COVID-19 has infected more than 6,500 residents at L.A. County nursing homes, resulting in 1,336 deaths — nearly half of all virus-related fatalities countywide, according to data from the state Department of Public Health.

Previously, health officials vowed to swiftly test all residents and staff at the county’s 315 nursing homes. But that plan was revised last month, with the public health department saying it would test only a portion of residents in homes without an outbreak in an effort to focus on those with more infections.

As of Wednesday, 272 skilled-nursing facilities had tested all residents and staff, and the other 43 had scheduled or were in the process of conducting testing, according to Barbara Ferrer, the county’s public health director.

Michael Wasserman, president of the California Association of Long Term Care Medicine, said the gives the county’s efforts “a D- at the best.”

“It’s a day late and a dollar short. To be here, in the middle of June, and we haven’t tested all the nursing homes to me is incompetency,” said Wasserman, who’s organization represents doctors, nurses and other professionals working in long-term care.

Patricia Ann Jordan, whose 93-year-old mother Jimmie lives at Beverly West Healthcare in Mid-Wilshire, said she agrees virus screenings weren’t conducted early or quickly enough.

“Testing didn’t begin at my mother’s facility until May 20. That’s almost the end of May,” she said. “Not only was it unacceptable, it was unbelievable.”

An executive at Beverly West Healthcare told KTLA they still haven’t received most of the results from the tests administered three weeks ago.
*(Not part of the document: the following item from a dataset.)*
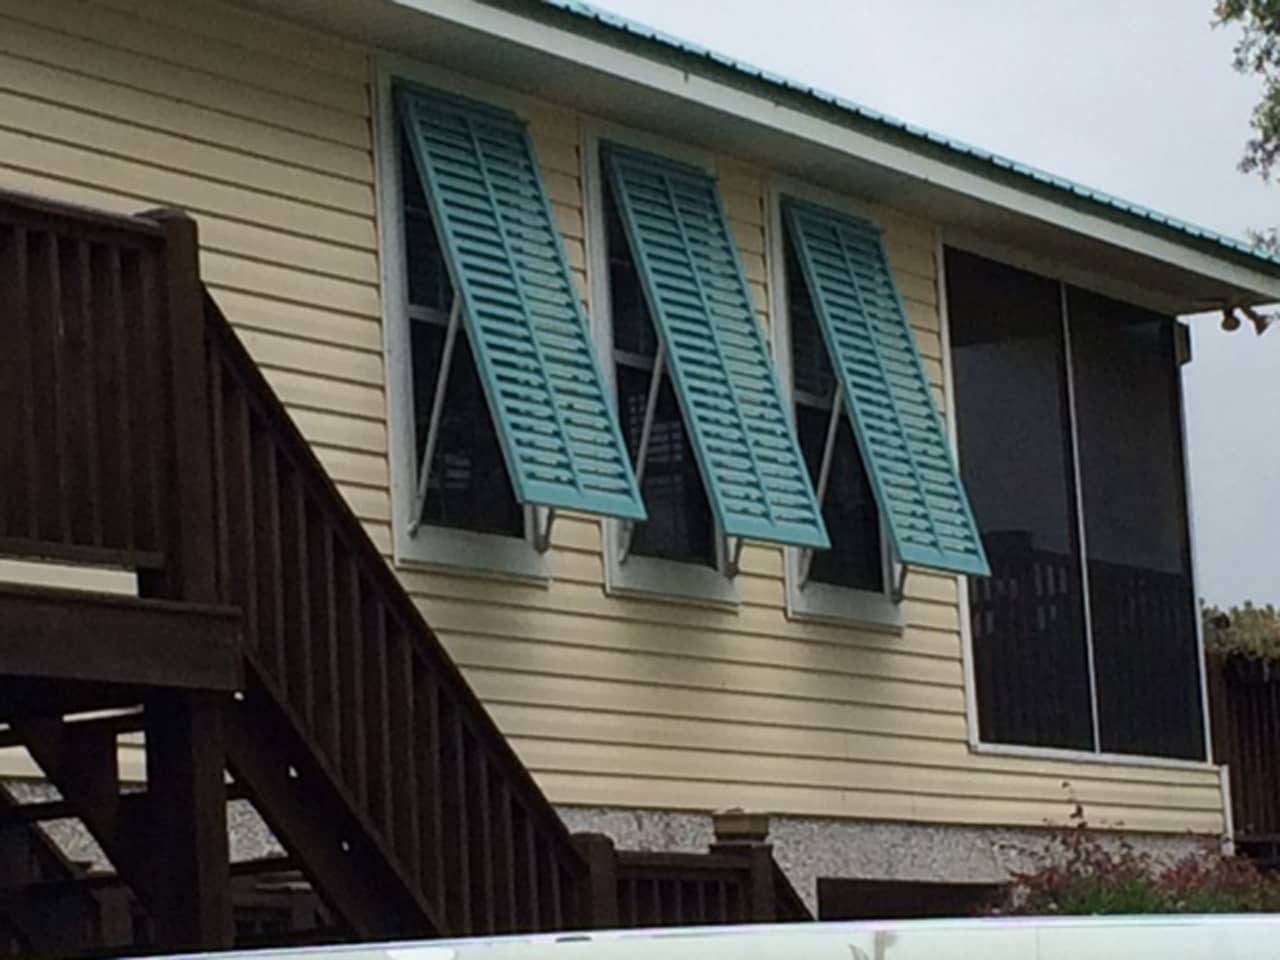 Bahama shutters on house with siding

They also said that around that same time in May, the facility was struggling with a COVID-19 outbreak that has now infected 26 residents and 23 staff members. Twelve of them have died.

The facility said it’s been following all public health guidelines, and has been closed to visitors since March 12. But it believes quicker testing could have helped isolate those who were infected to prevent further spread.